In these and other cases, Fascism was less defeated than diluted. Zealous foot soldiers helped drive nationalist passions in many countries, but the insurrectionary elements of the movements were contained before they could threaten the powerful. In Italy and Germany, former corporals called the shots; everywhere else, generals and their upper-crust civilian counterparts retained their grip on power.

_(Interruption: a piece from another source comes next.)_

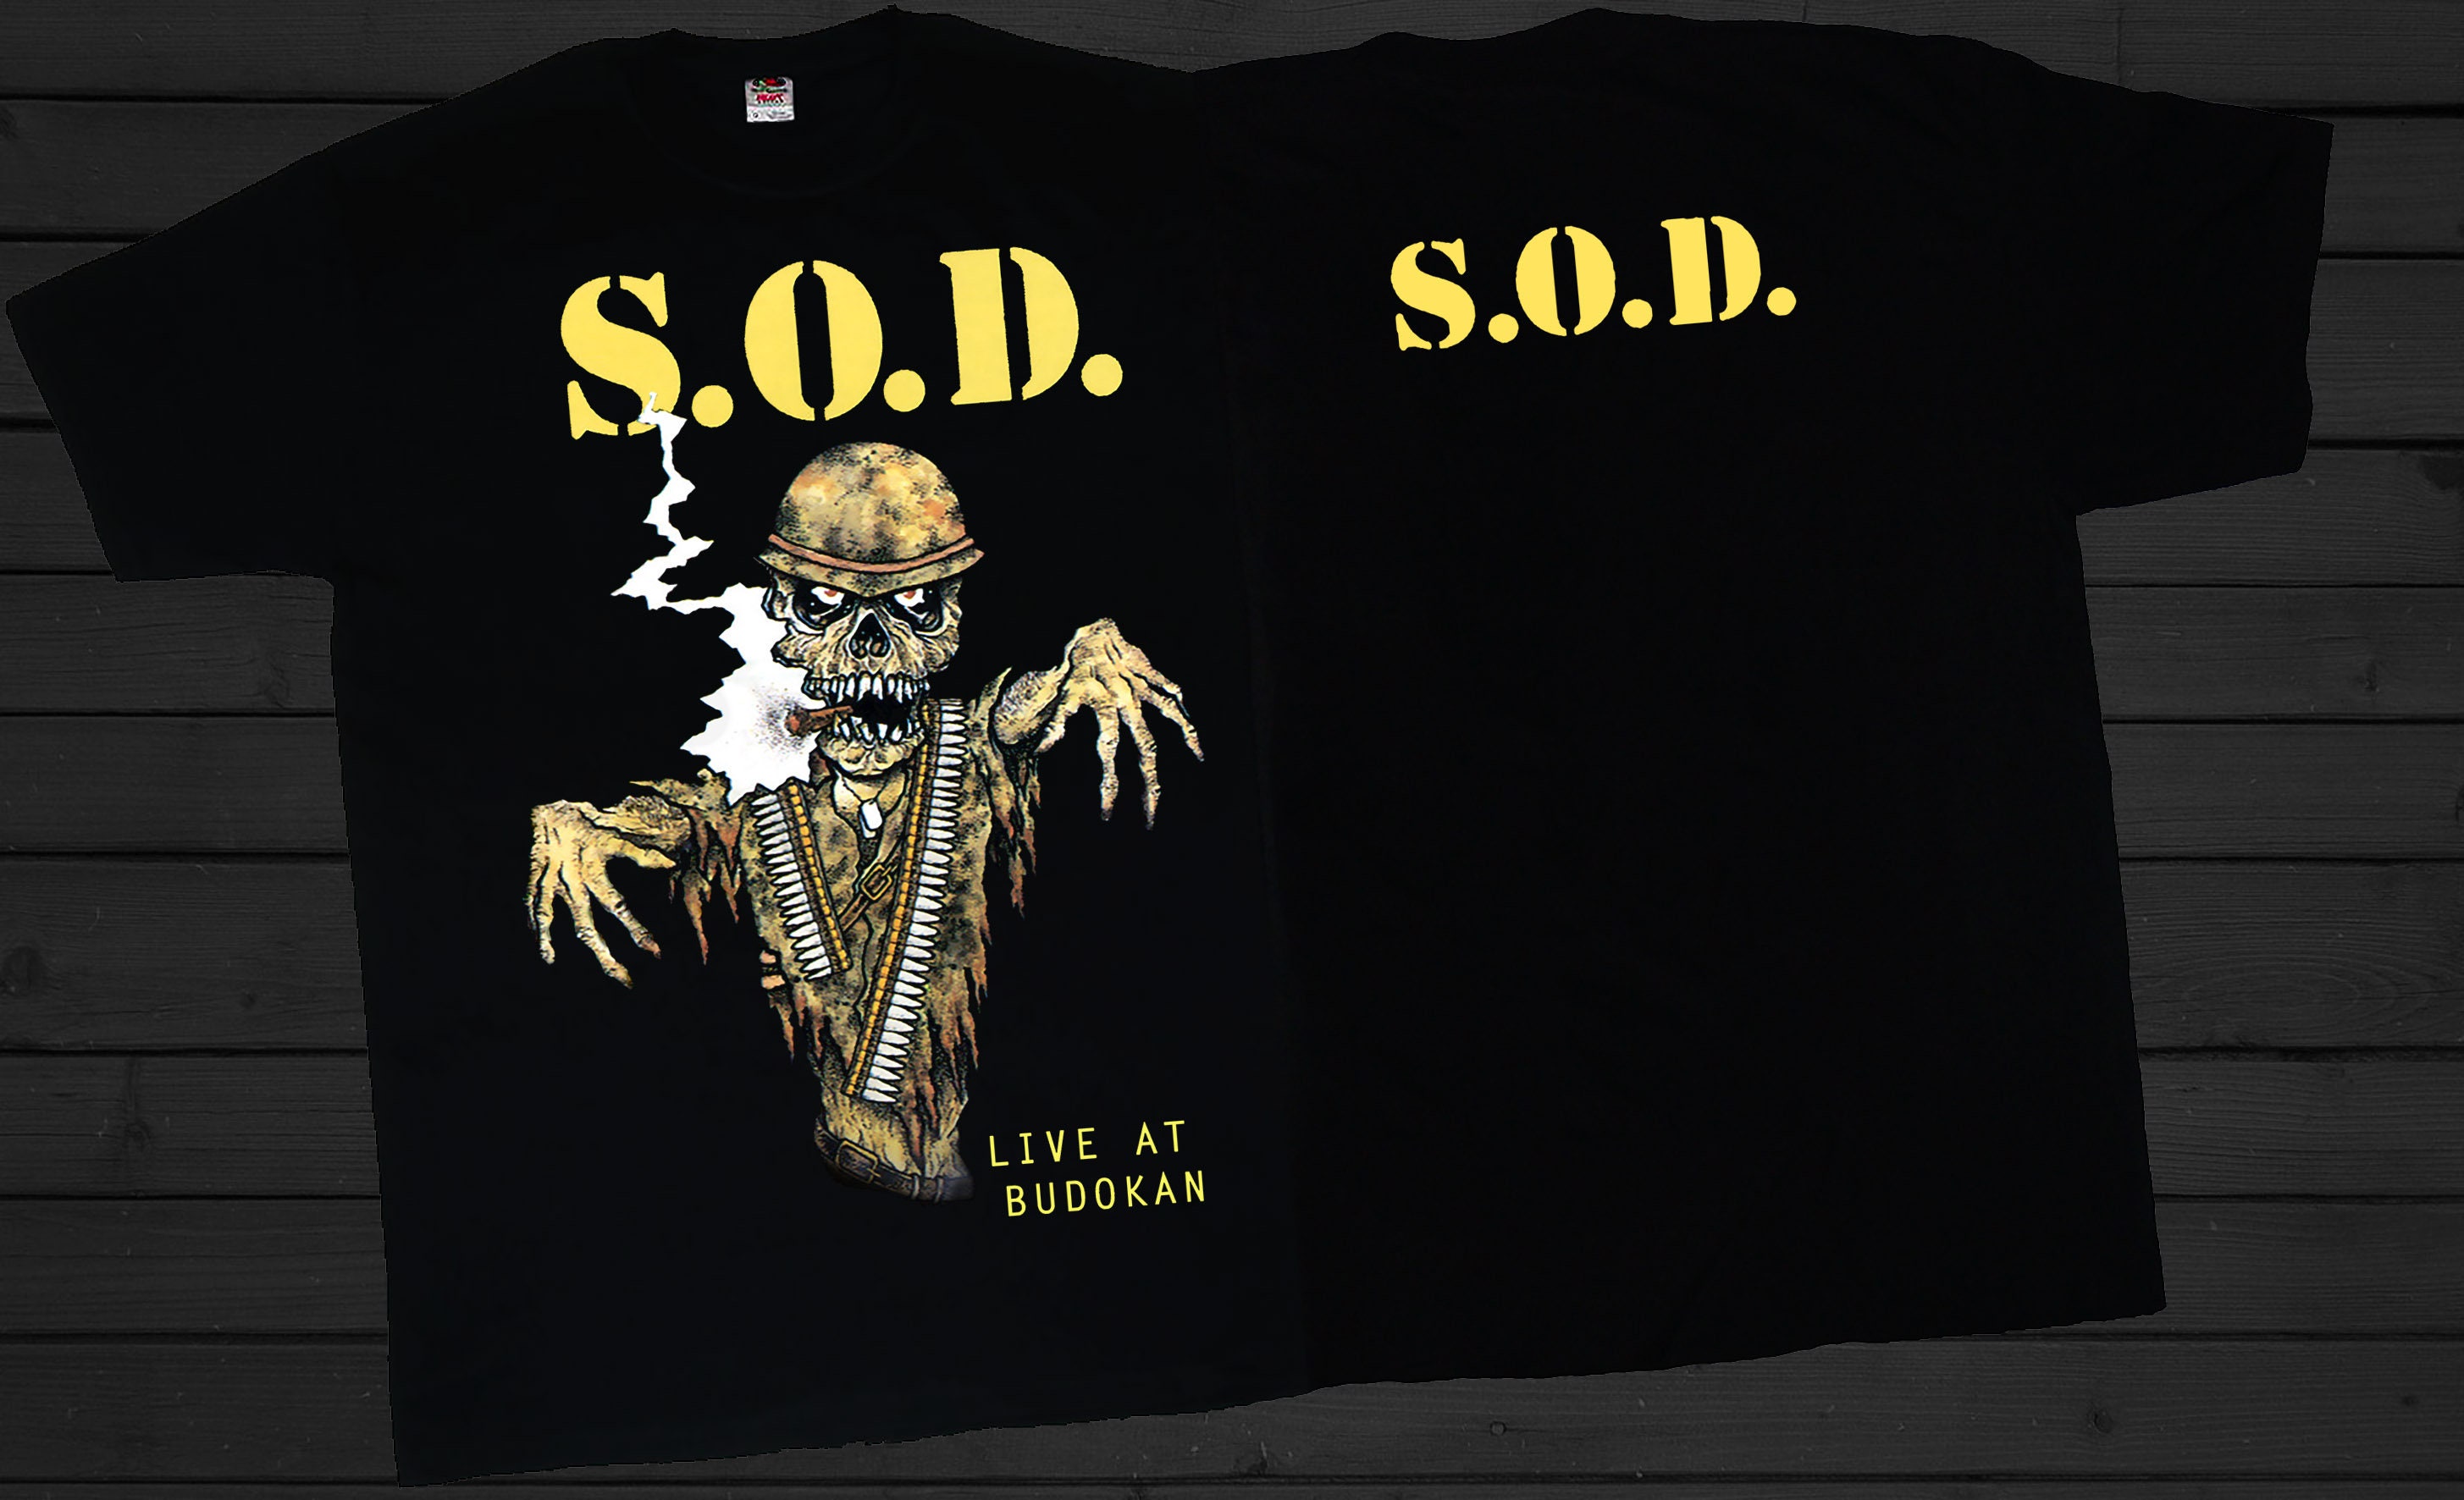 S.O.D - Stormtroopers of Death - Live at Budokan Shirt

Czechoslovakia, poised tensely in the Third Reich’s shadow, was a special case. There, Konrad Henlein, a shrewd, paunchy, nearsighted former gymnastics instructor, attached himself to the Nazi locomotive and let it pull him along. At Hitler’s instructions and with Berlin’s money, Henlein became the principal mouthpiece for Fascist elements within Czechoslovakia’s politically diverse German community. To foreign officials and the press, he spun tale after tale of his people’s mistreatment at the hands of brutal Prague. His fabrications, rebroadcast by the Nazis, had their effect. Many Europeans came to sympathize with Hitler’s declarations of outrage and found reasonable his desire to intervene on behalf of his country’s ethnic brethren.